What is Contributed Capital
Contributed capital, also known as paid-in capital, is the cash and other assets that shareholders have given a company in exchange for stock. This is the price that shareholders paid for their stake in the company.
BREAKING DOWN Contributed Capital
Contributed capital is the total value of stock that shareholders have bought directly from the issuing company. It includes the money from initial public offerings (IPOs), direct listings, direct public offerings and secondary offerings – including issues of preferred stock. It also includes the receipt of fixed assets in exchange for stock and the reduction of a liability in exchange for stock.
Contributed Capital Calculation
Contributed capital is reported in the shareholder’s equity section of the balance sheet and usually split into two different accounts: common stock and additional paid-in capital account. In other words, contributed capital includes the par value – or nominal value – of the stock, found in the common stock account, and the amount of money over and above the par value that shareholders were willing to pay for their shares – the share premium – found in the additional paid-in capital account.

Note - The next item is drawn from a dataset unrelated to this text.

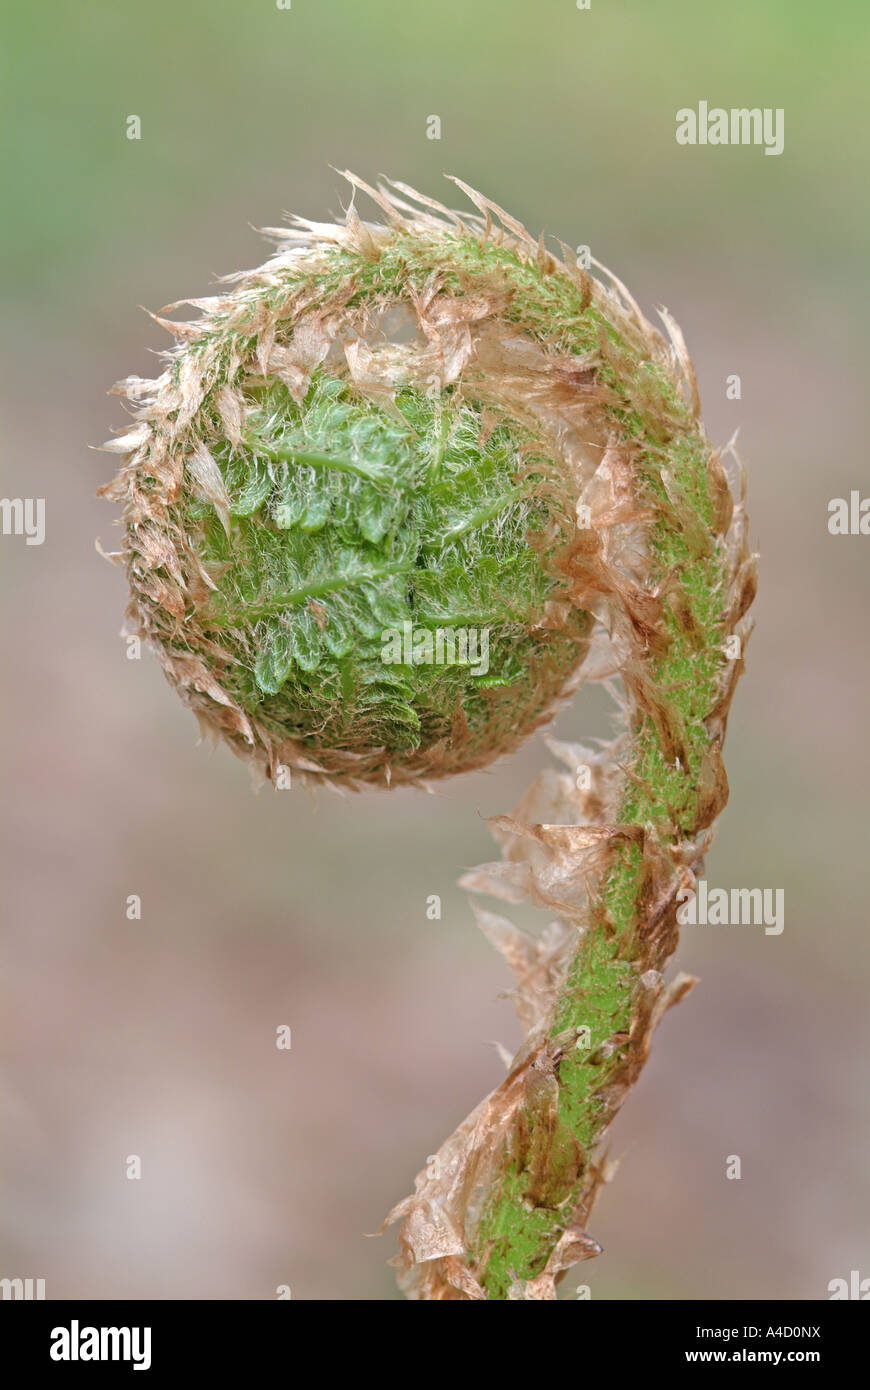 Male Fern (Dryopteris filix-mas), growing fronds. Austria, April Stock Photo

Example of Contributed Capital
For example, a company issues 5,000 $1 par value shares to investors. The investors pay $10 a share, so the company raises $50,000 in equity capital. As a result, the company records $5,000 to the common stock account and $45,000 to the paid-in capital in excess of par. Both of these accounts added together equal the total amount stockholders were willing to pay for their shares. In other words, the contributed capital equals $50,000.